[Supplied material]
+ + +

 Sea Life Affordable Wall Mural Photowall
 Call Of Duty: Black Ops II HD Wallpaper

+ + +

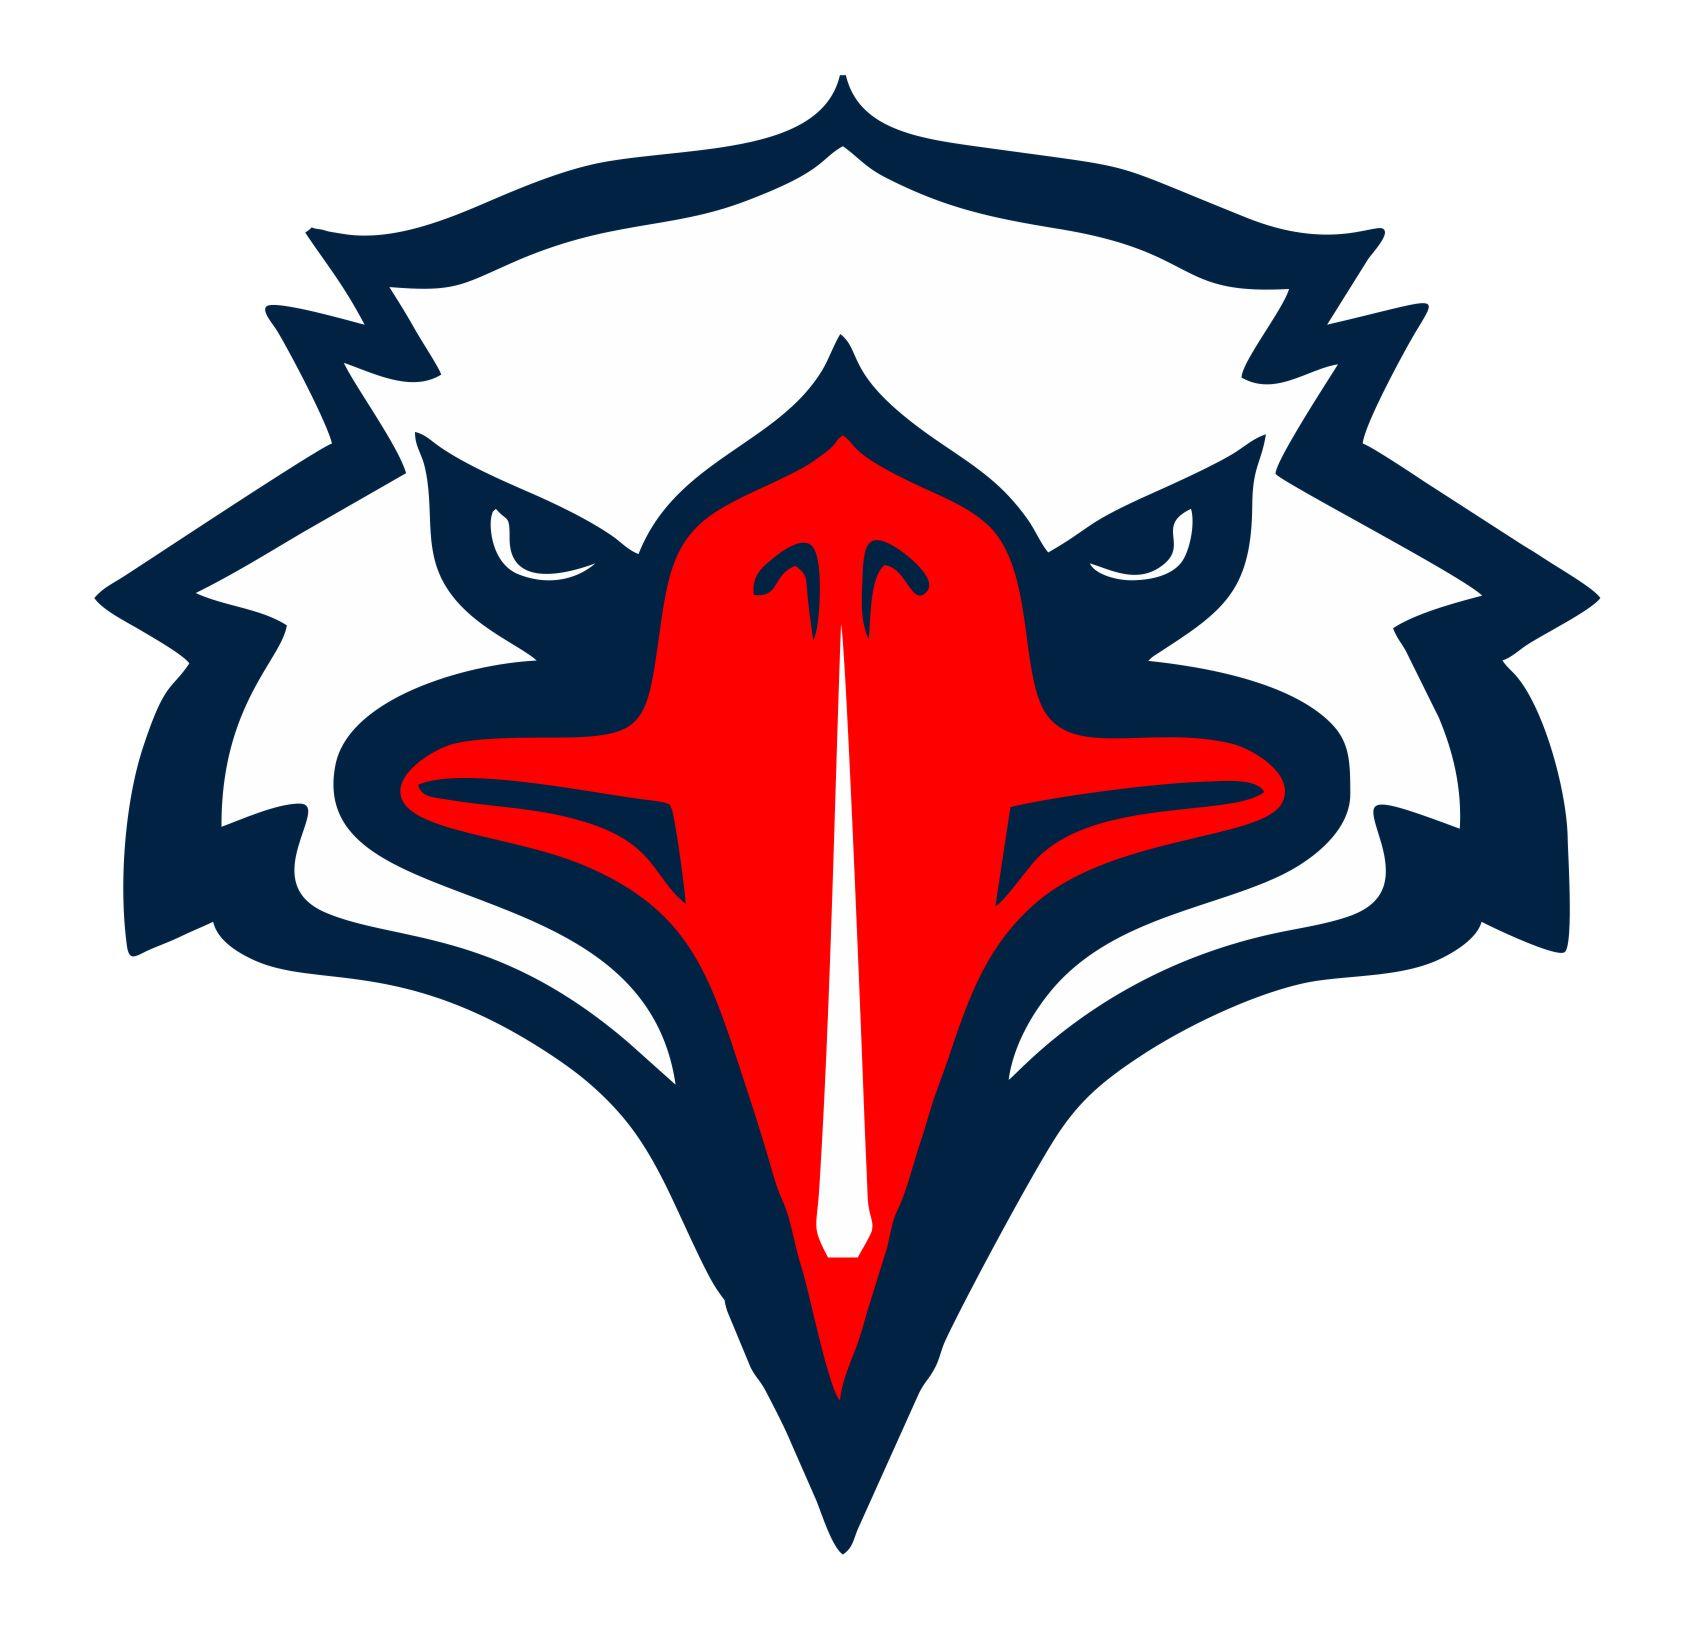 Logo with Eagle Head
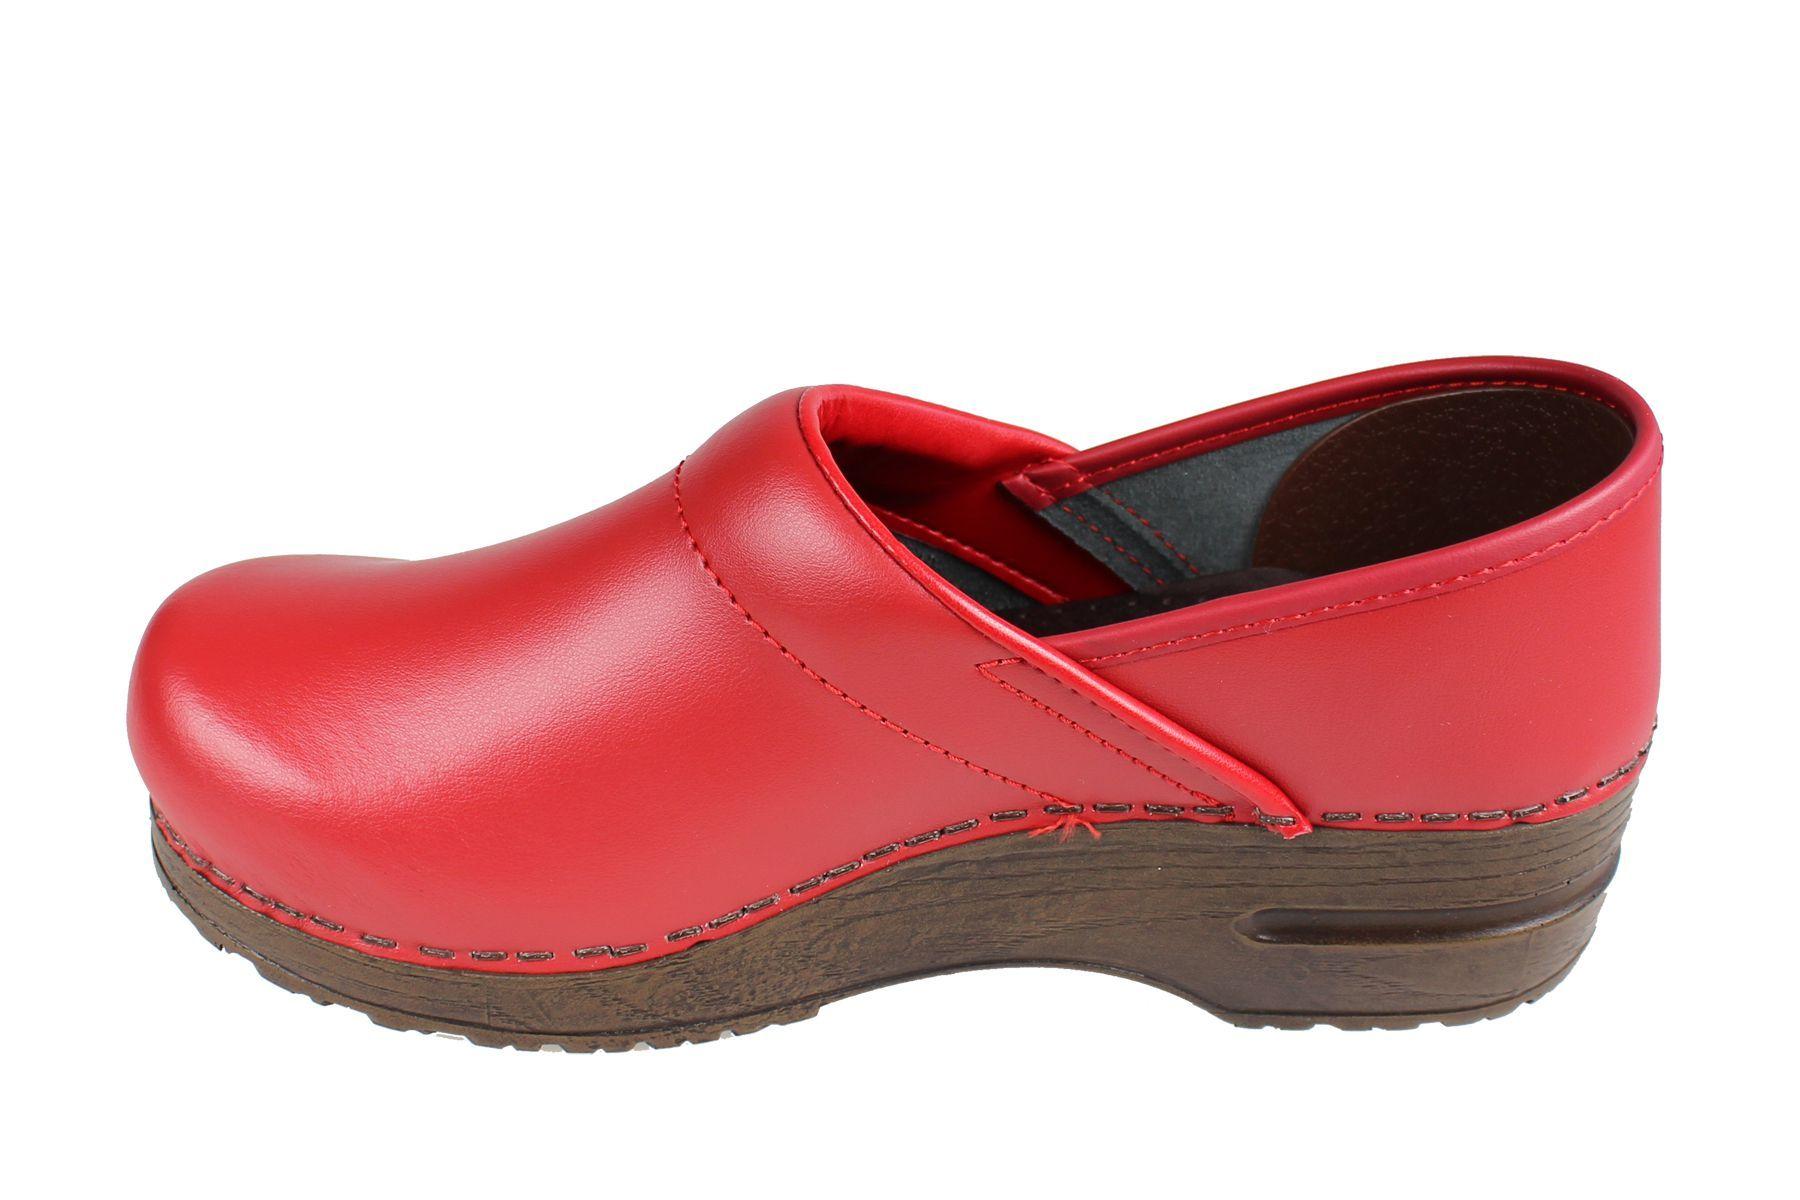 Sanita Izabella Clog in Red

+ + +

[What to work on]
Out of the entries above, write out only the lines between the line holding "Sea Life Affordable Wall Mural Photowall" and the line holding "Call Of Duty: Black Ops II HD Wallpaper", inclusive, each exactly as given.

[Task response]
 Sea Life Affordable Wall Mural Photowall
 Call Of Duty: Black Ops II HD Wallpaper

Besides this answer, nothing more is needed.